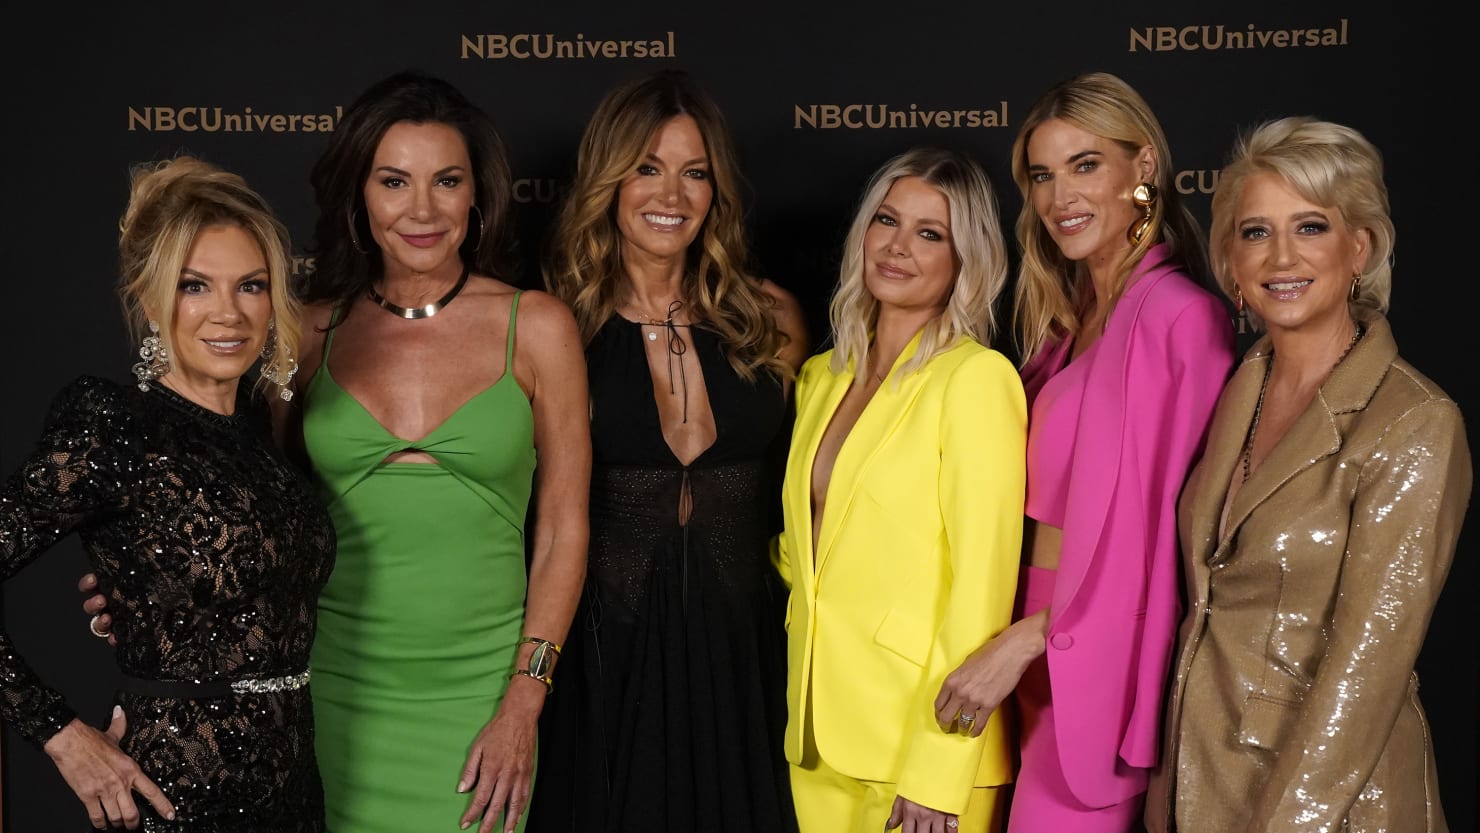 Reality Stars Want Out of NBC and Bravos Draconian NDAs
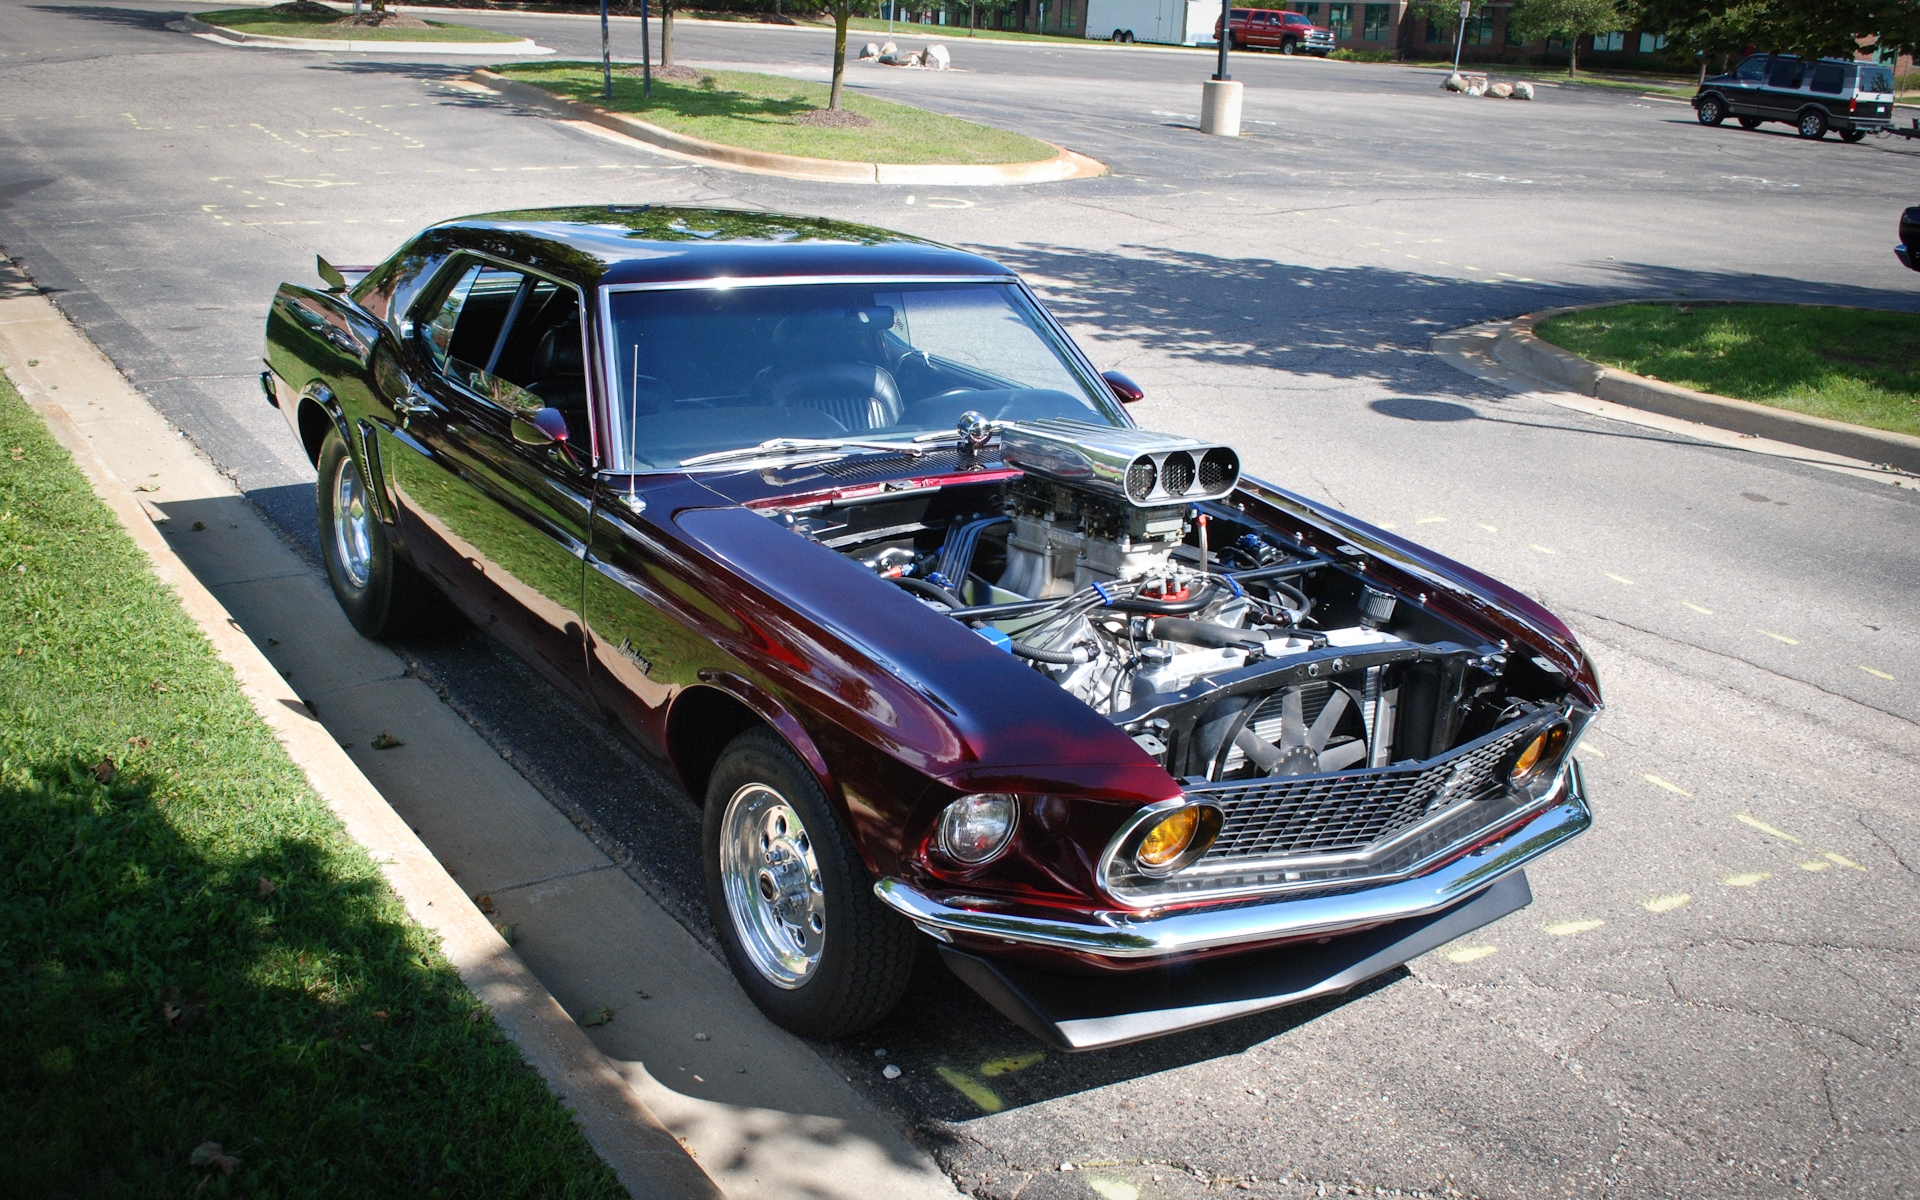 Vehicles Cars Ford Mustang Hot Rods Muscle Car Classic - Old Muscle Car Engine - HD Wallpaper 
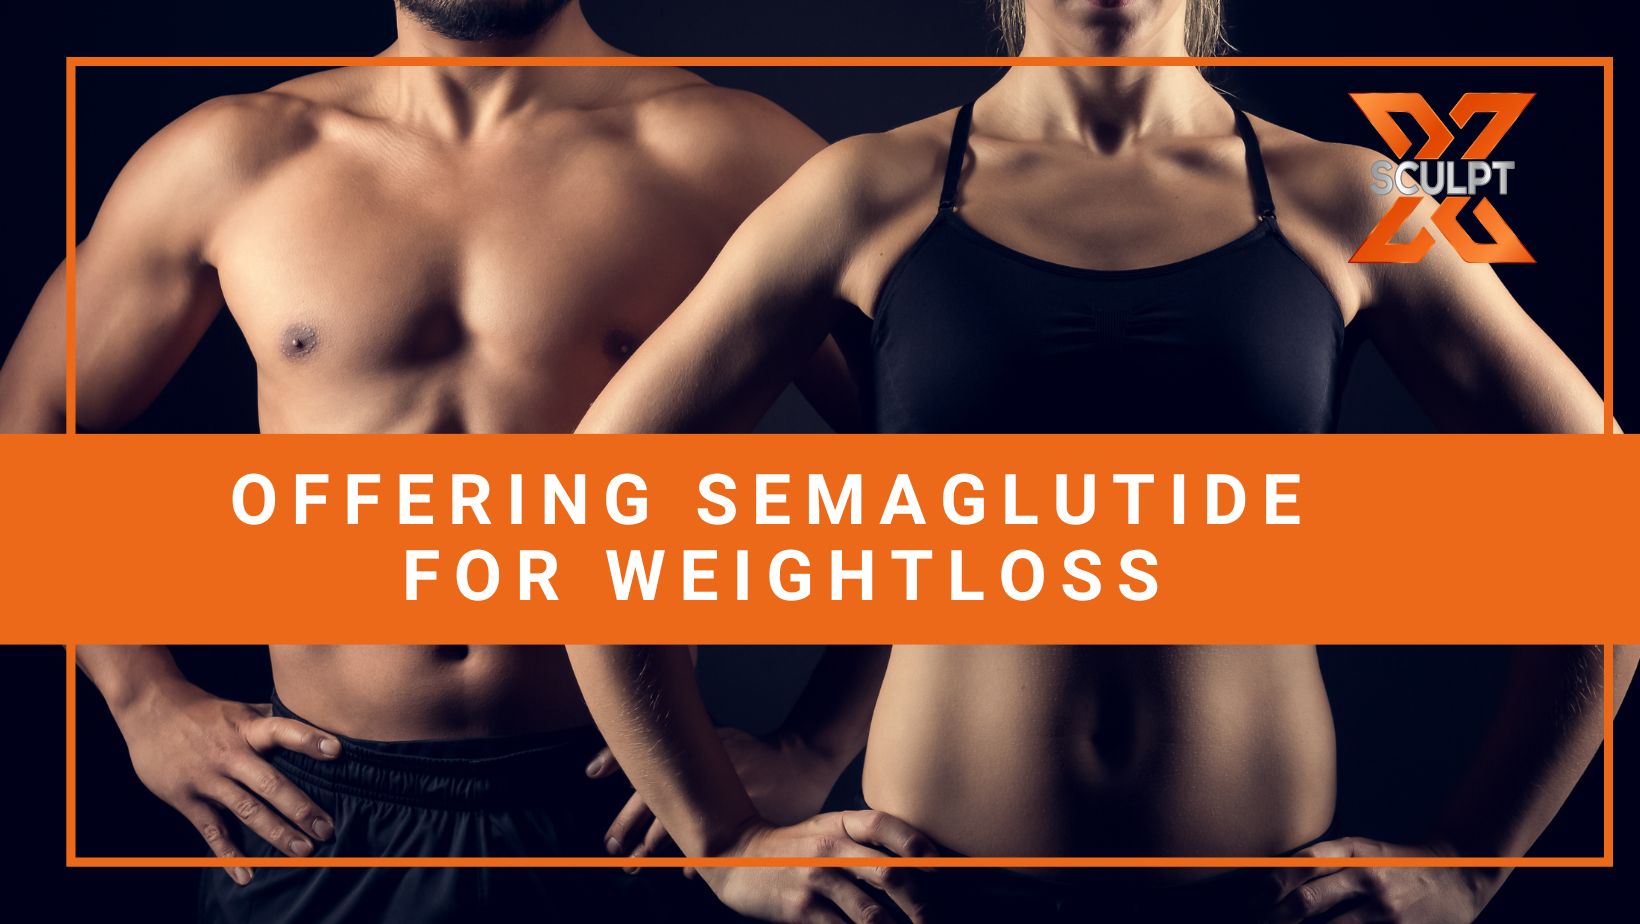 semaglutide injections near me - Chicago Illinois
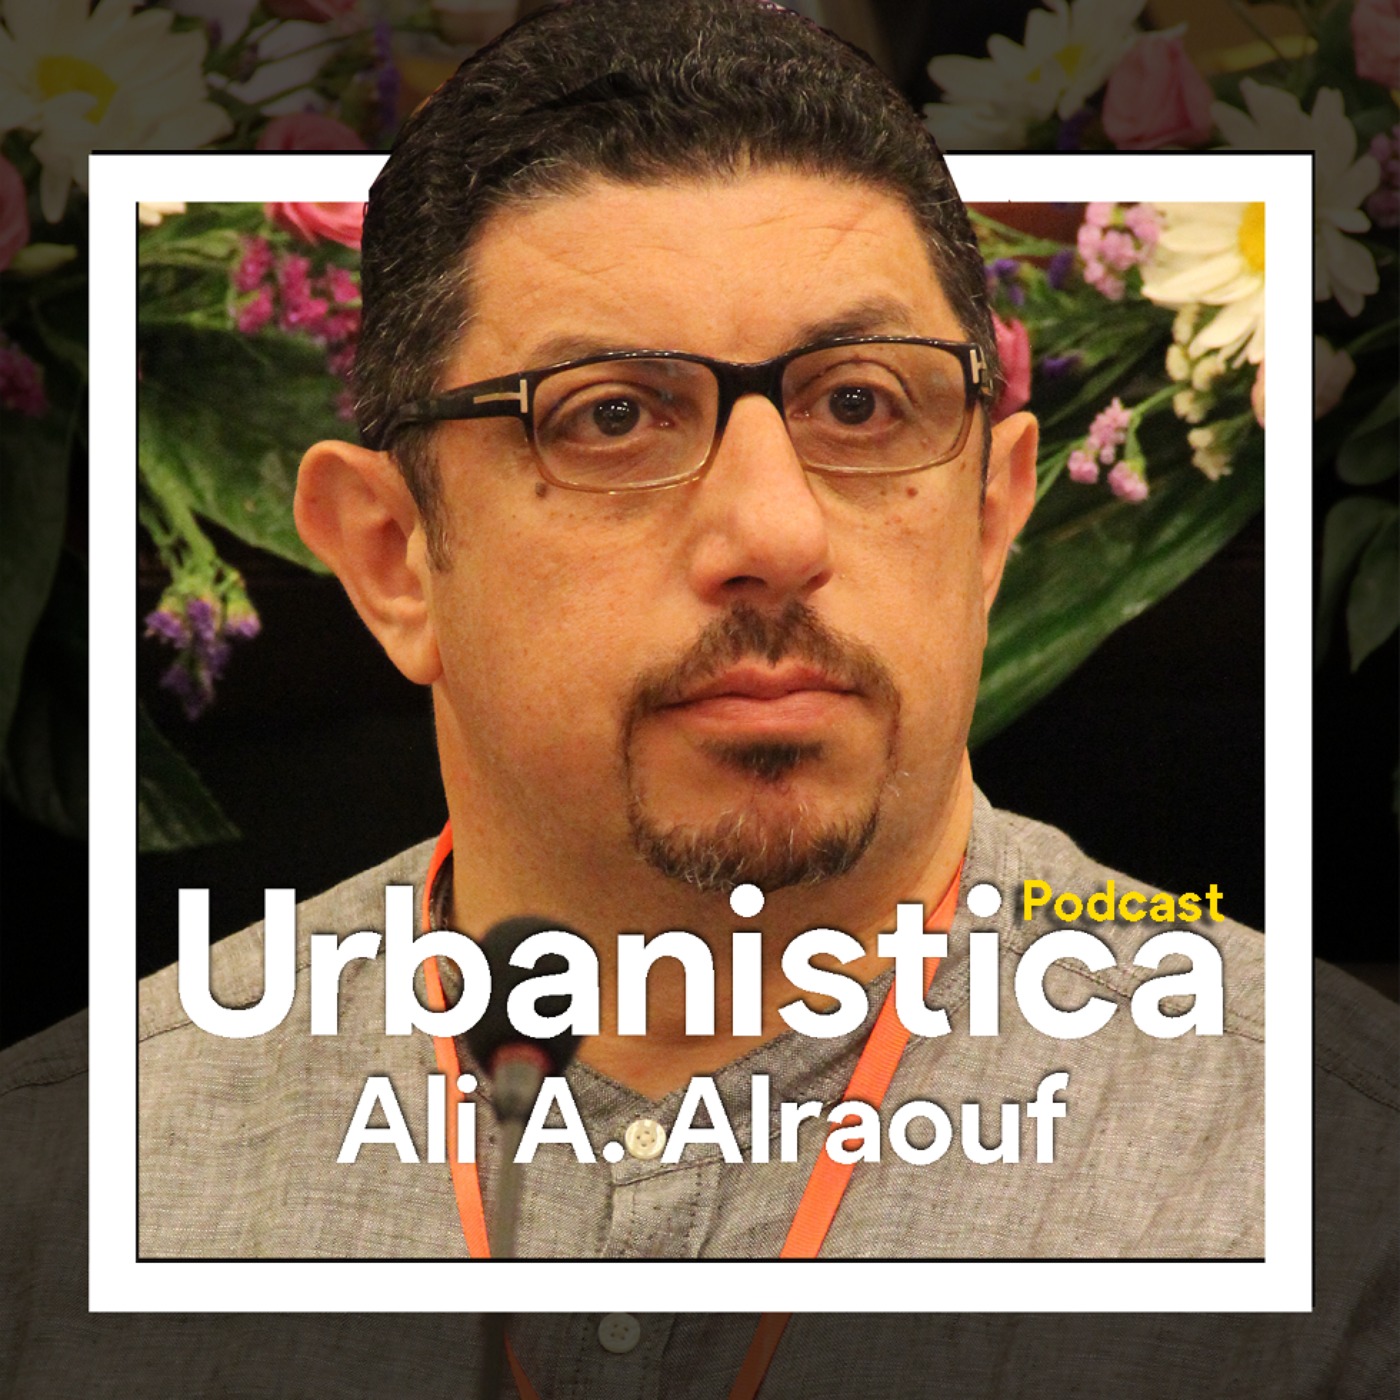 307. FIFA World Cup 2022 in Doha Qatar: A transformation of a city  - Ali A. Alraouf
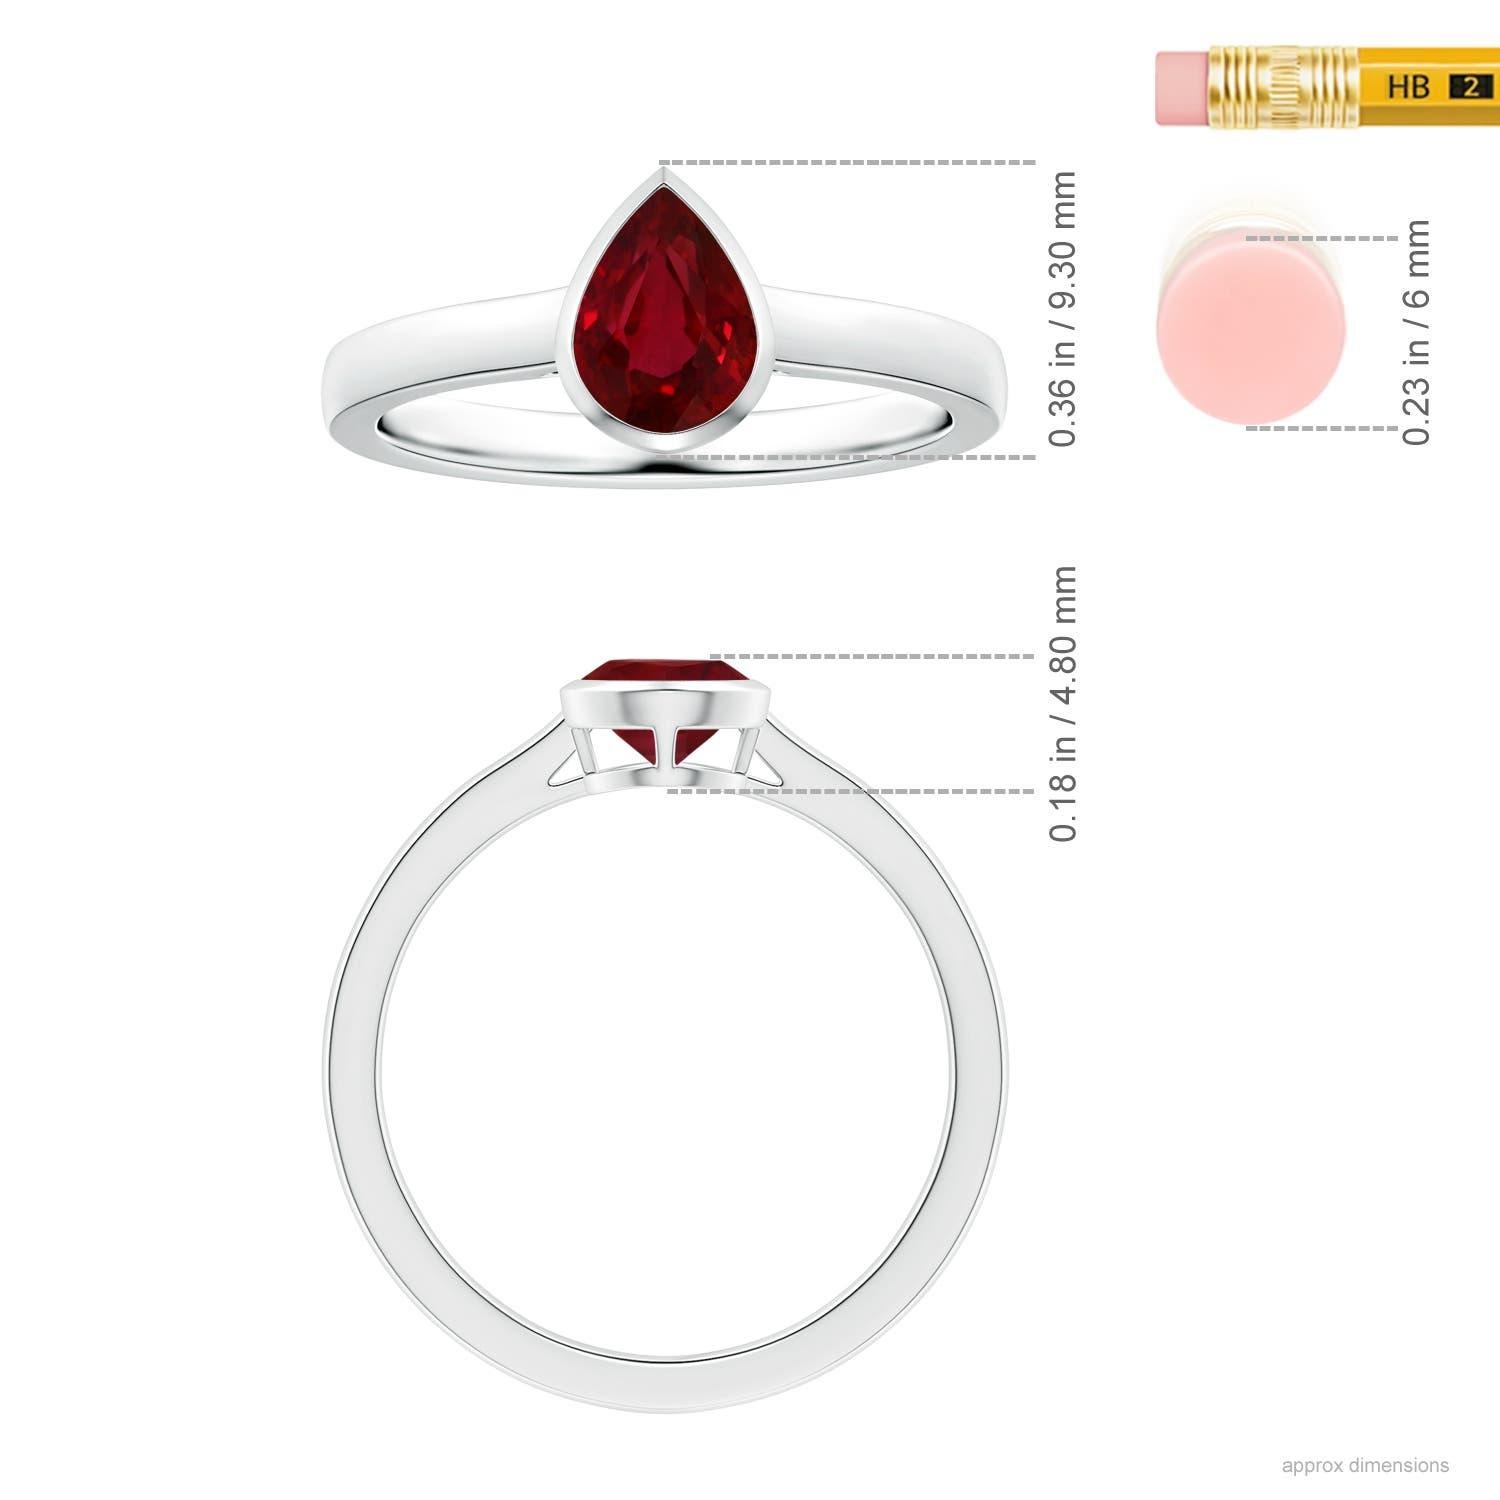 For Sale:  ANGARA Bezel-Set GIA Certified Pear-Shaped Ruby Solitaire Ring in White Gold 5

----

• _Task instructions_: What you give back must be the data above, reproduced exactly and free of pictures.

• _Answer for this exercise_:
 Reality Stars Want Out of NBC and Bravos Draconian NDAs
 Vehicles Cars Ford Mustang Hot Rods Muscle Car Classic - Old Muscle Car Engine - HD Wallpaper 
 semaglutide injections near me - Chicago Illinois
 307. FIFA World Cup 2022 in Doha Qatar: A transformation of a city  - Ali A. Alraouf
 For Sale:  ANGARA Bezel-Set GIA Certified Pear-Shaped Ruby Solitaire Ring in White Gold 5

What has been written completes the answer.